Work item
As you reproduce every line below, keep it exactly as written and leave out the images.

Supplied data
————

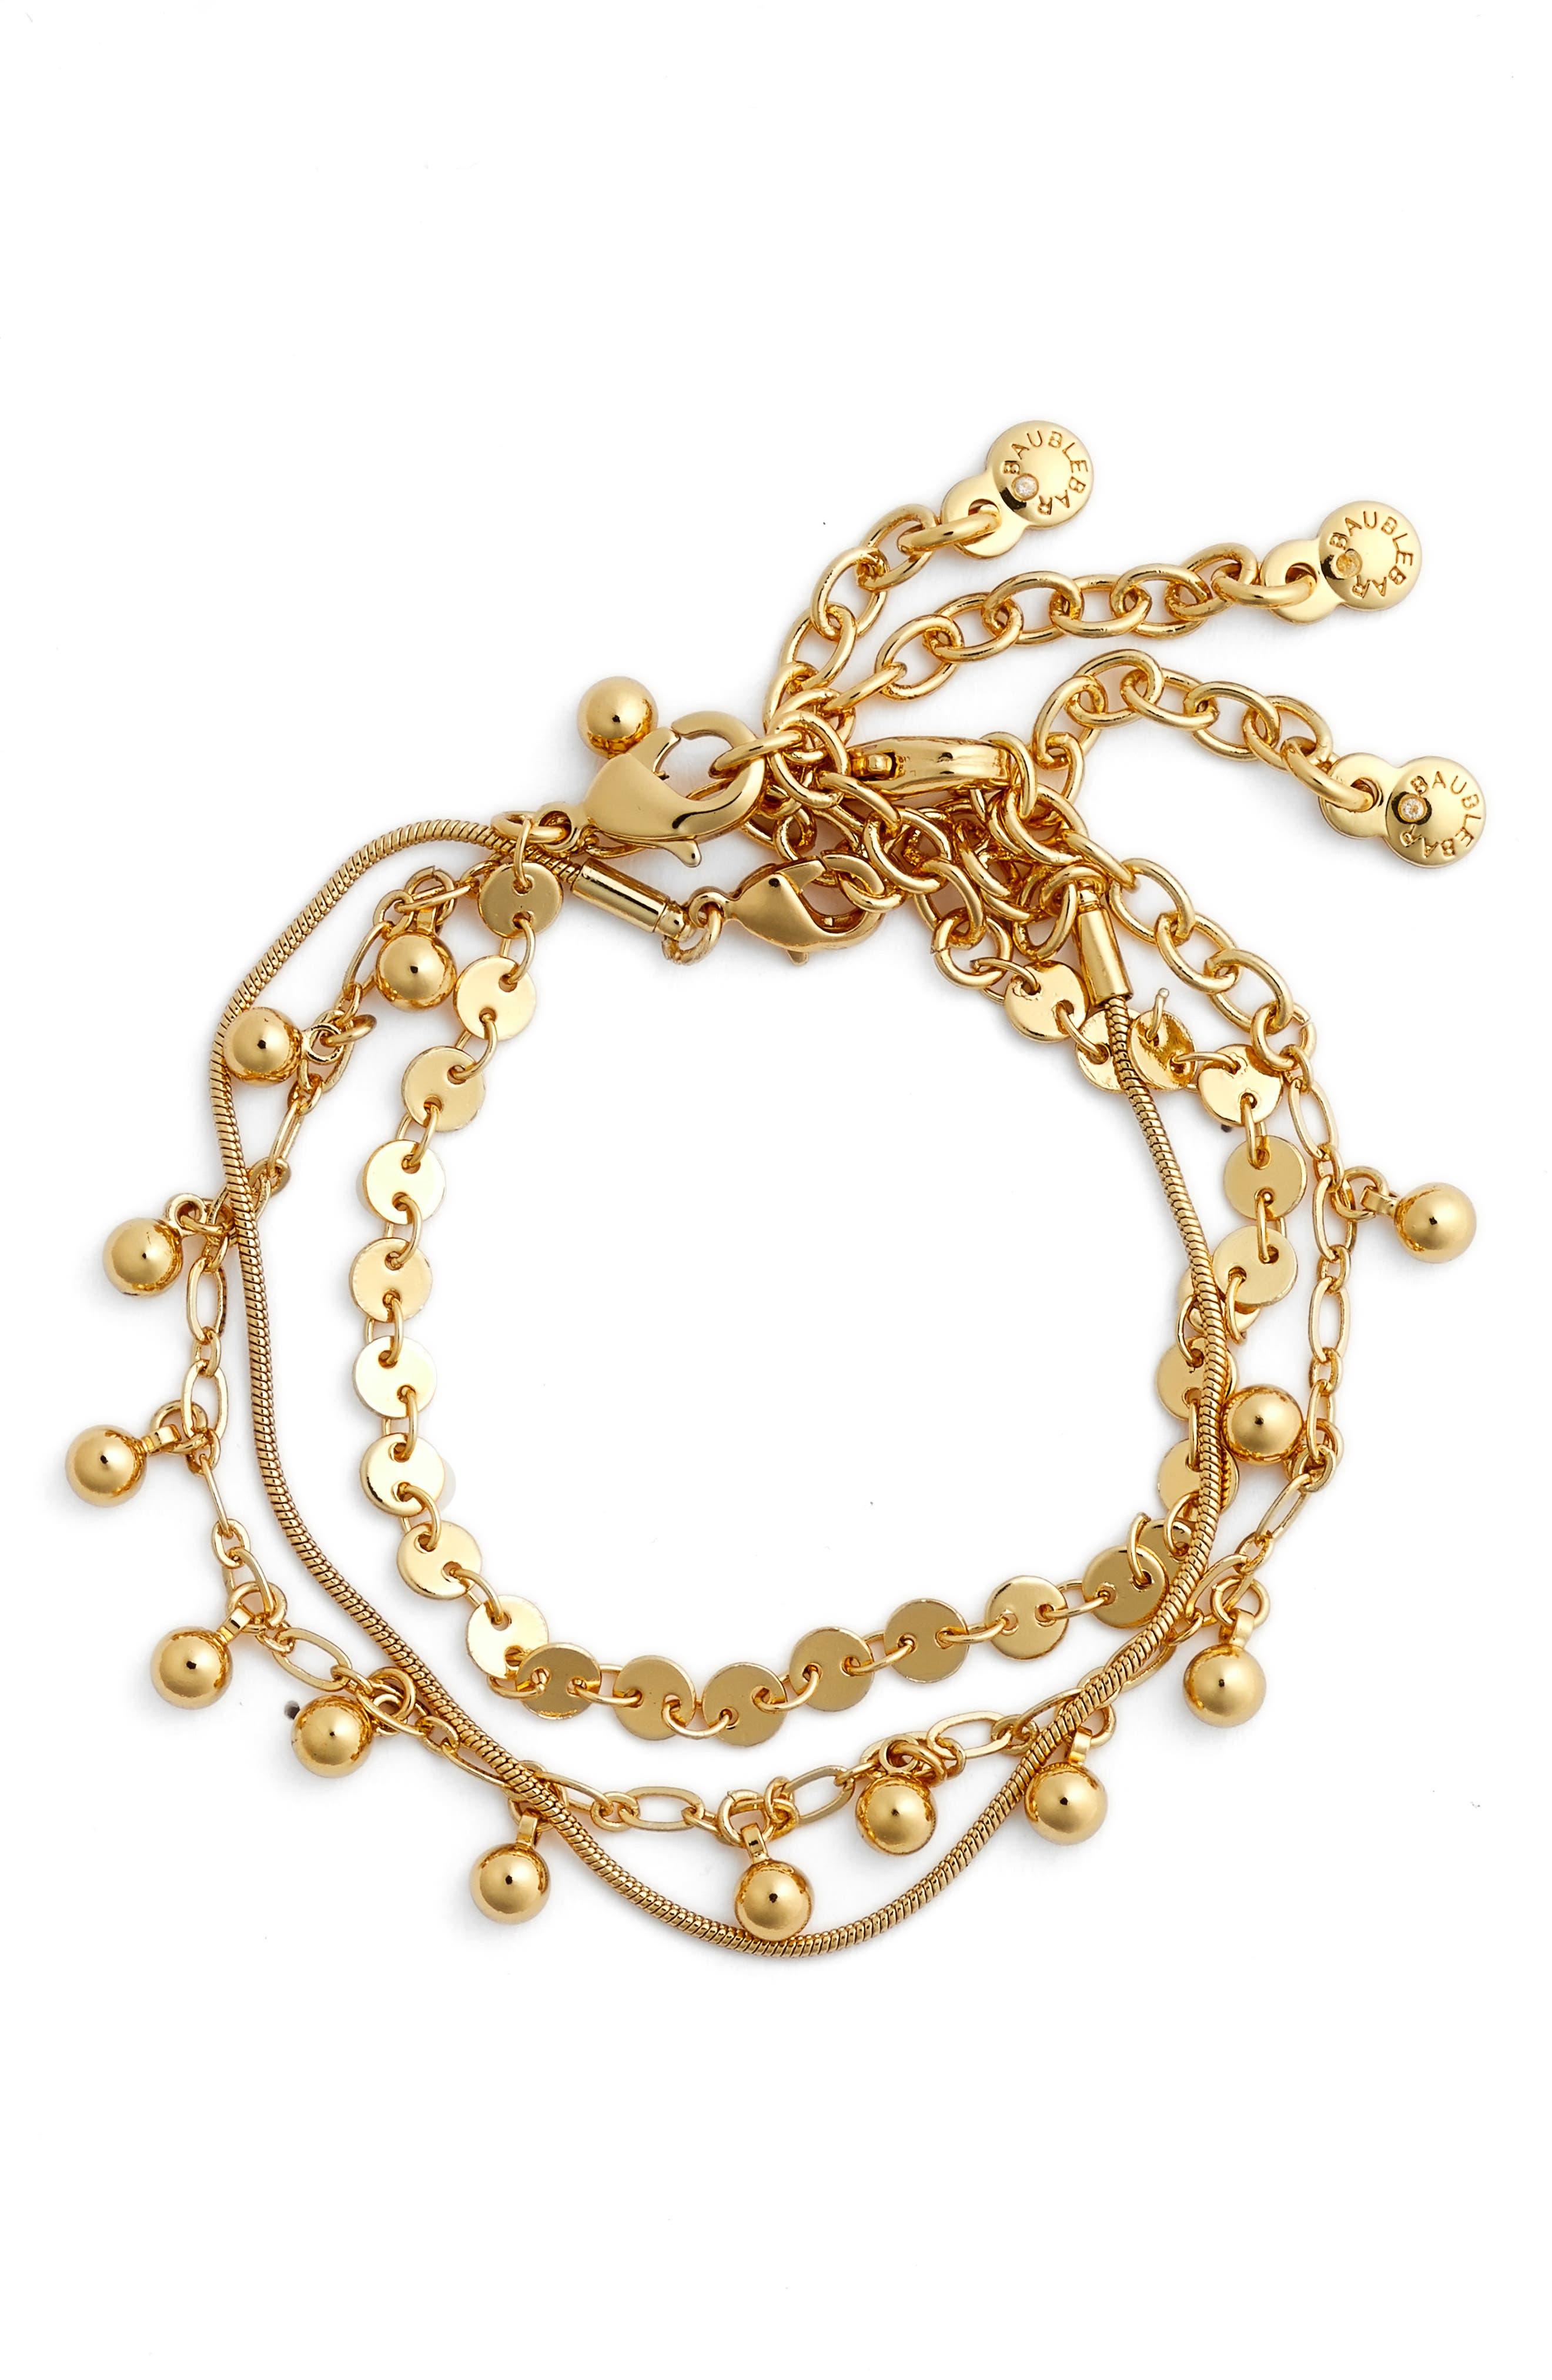 Asteria Set of 3 Bracelets,                             Main thumbnail 1, color,                             GOLD
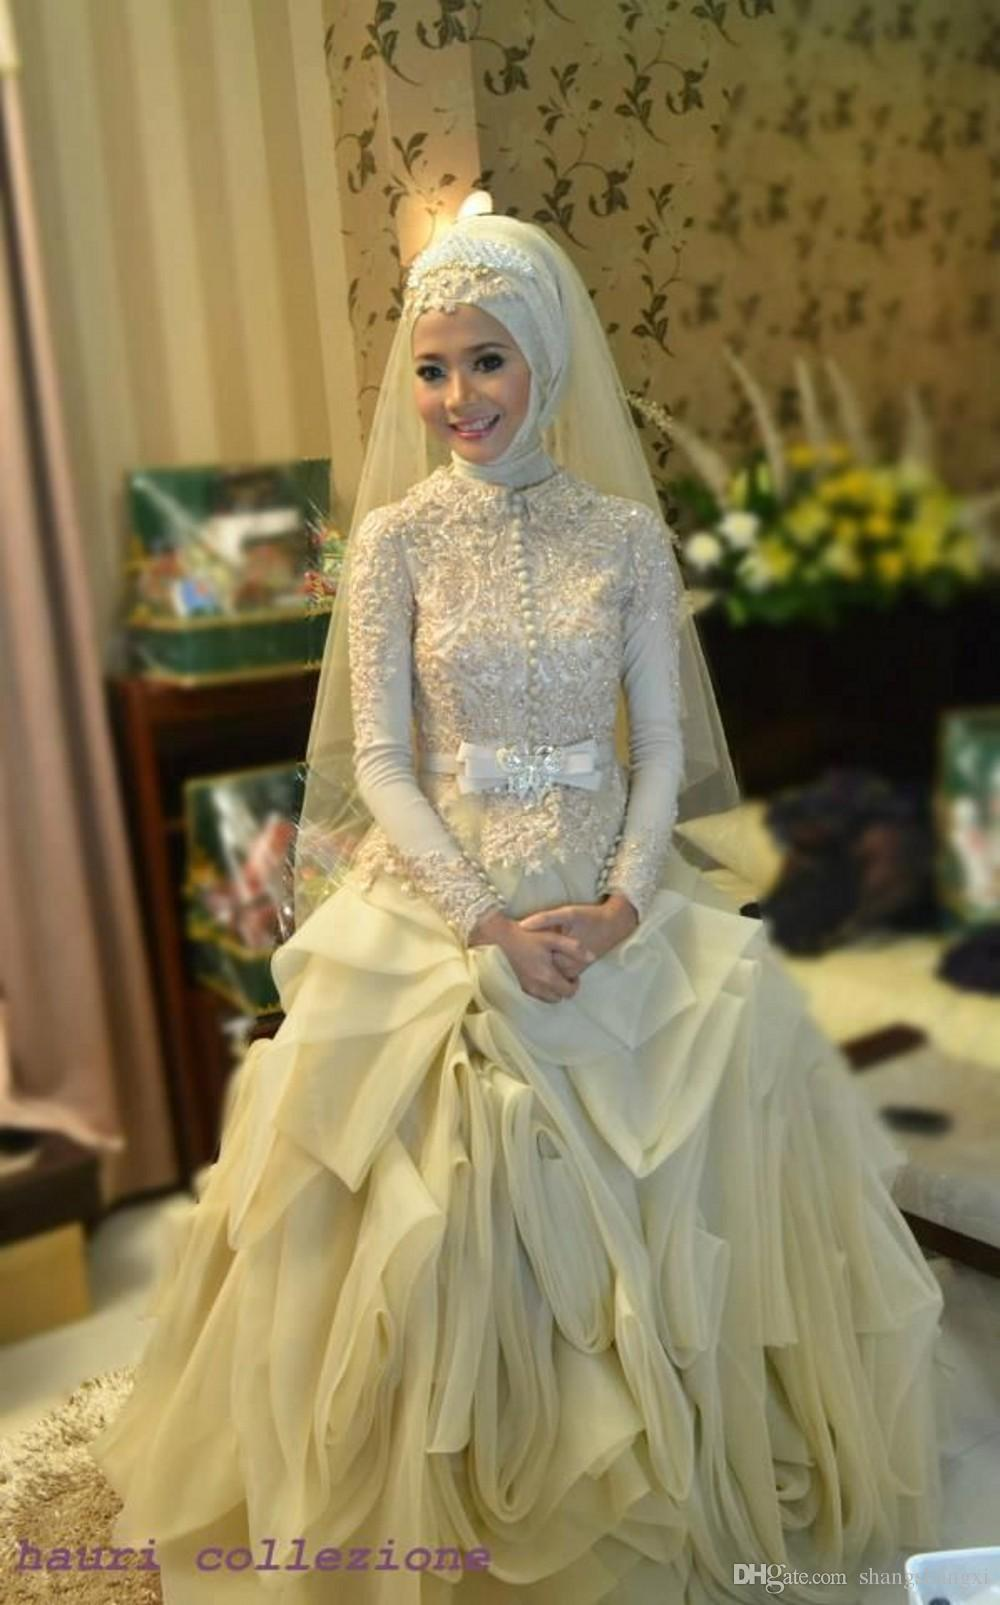 بالصور اجمل صور فساتين زفاف , اشيك فساتين زفاف 2019 5285 6
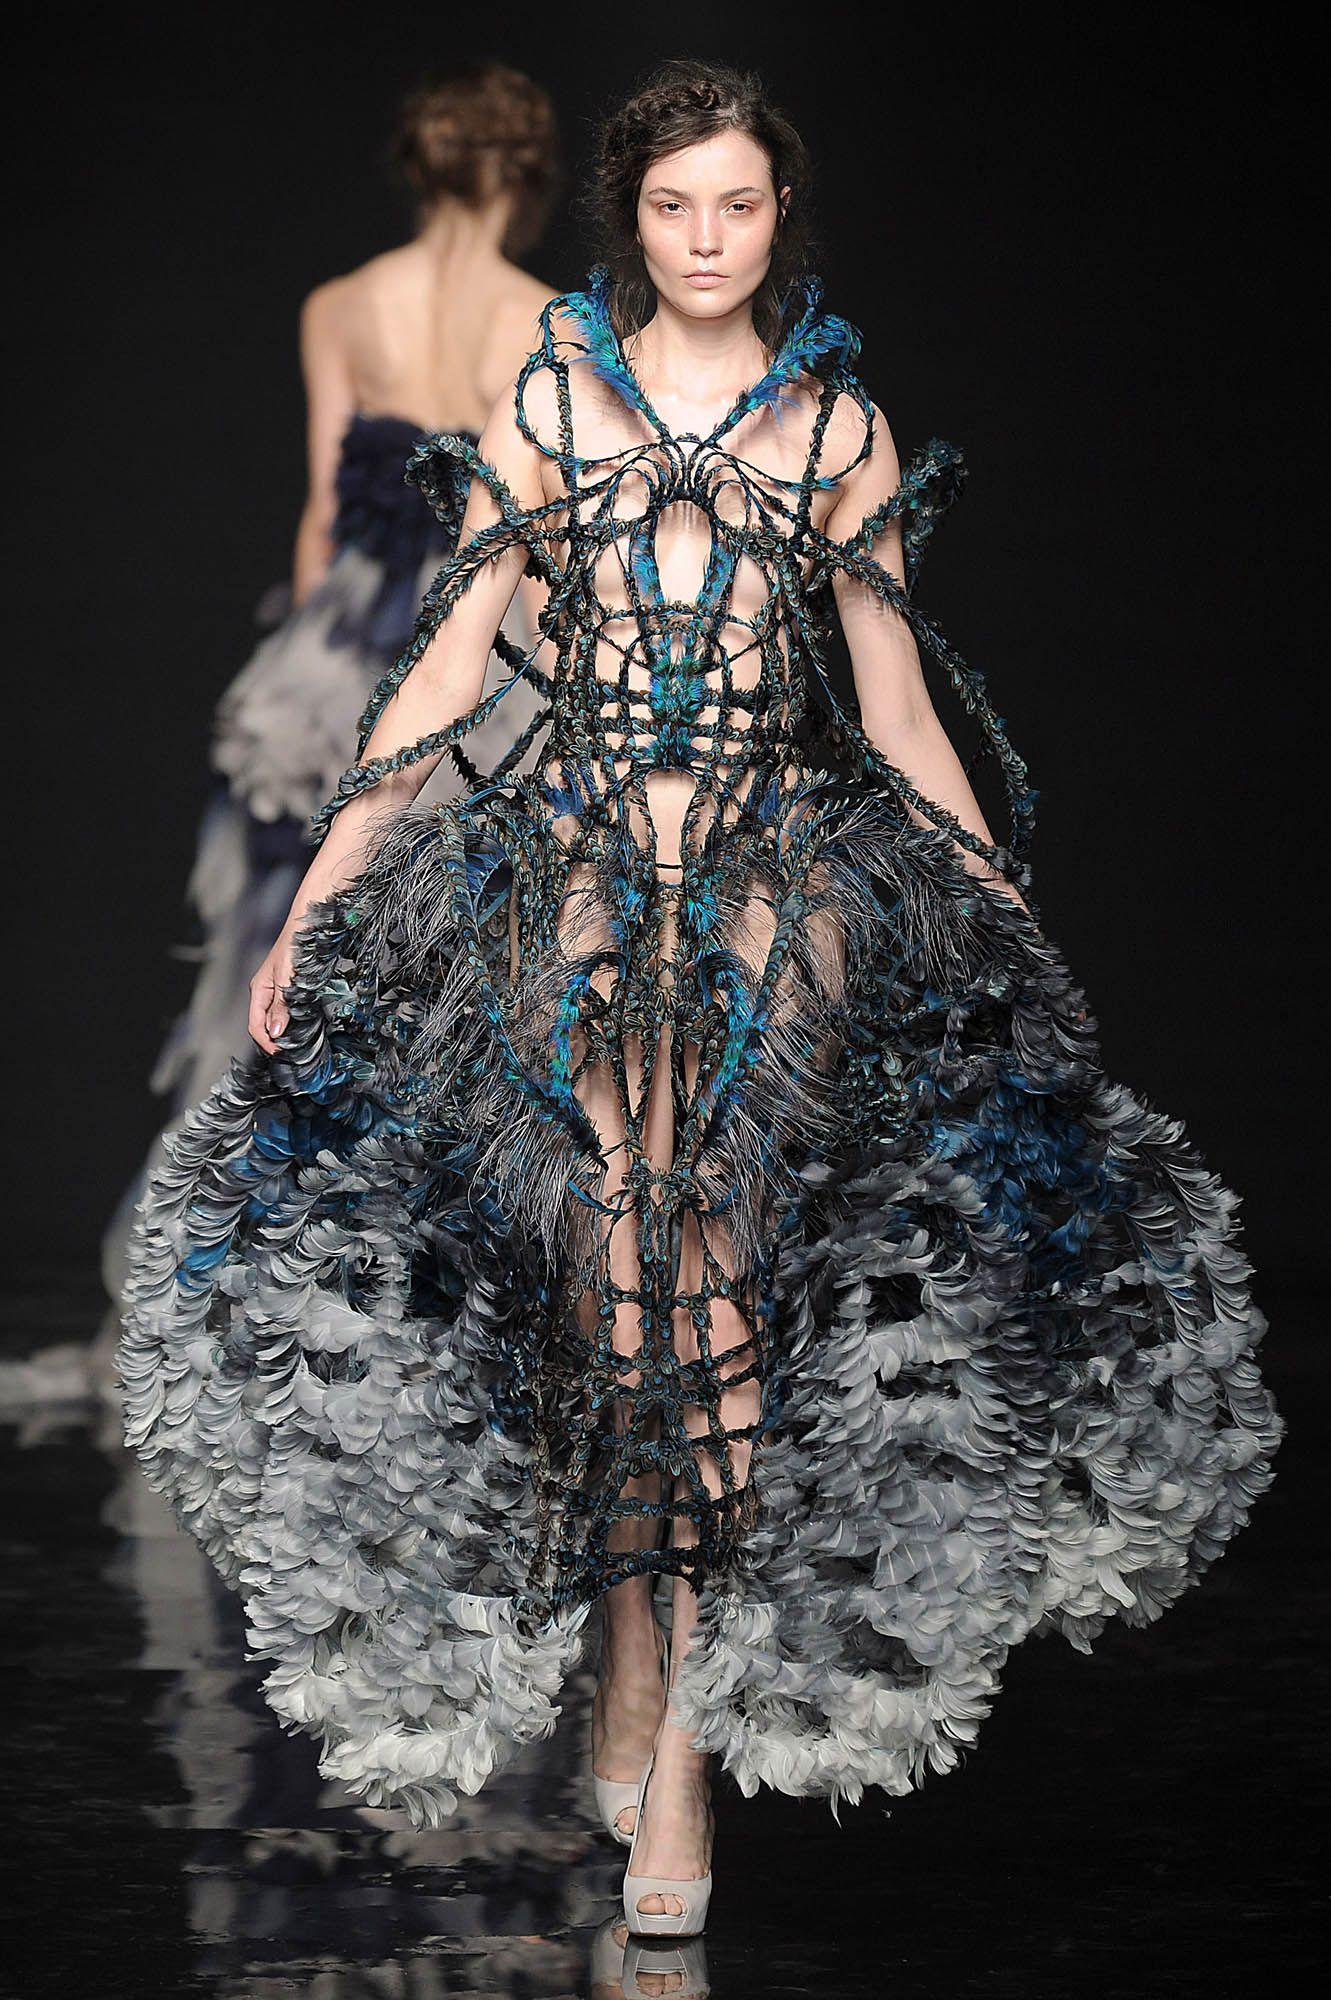 1000 images about avant garde fashion on pinterest avant garde fashion designers and fashion avant garde meets arabic

————

Written response
 Asteria Set of 3 Bracelets,                             Main thumbnail 1, color,                             GOLD
 بالصور اجمل صور فساتين زفاف , اشيك فساتين زفاف 2019 5285 6
 1000 images about avant garde fashion on pinterest avant garde fashion designers and fashion avant garde meets arabic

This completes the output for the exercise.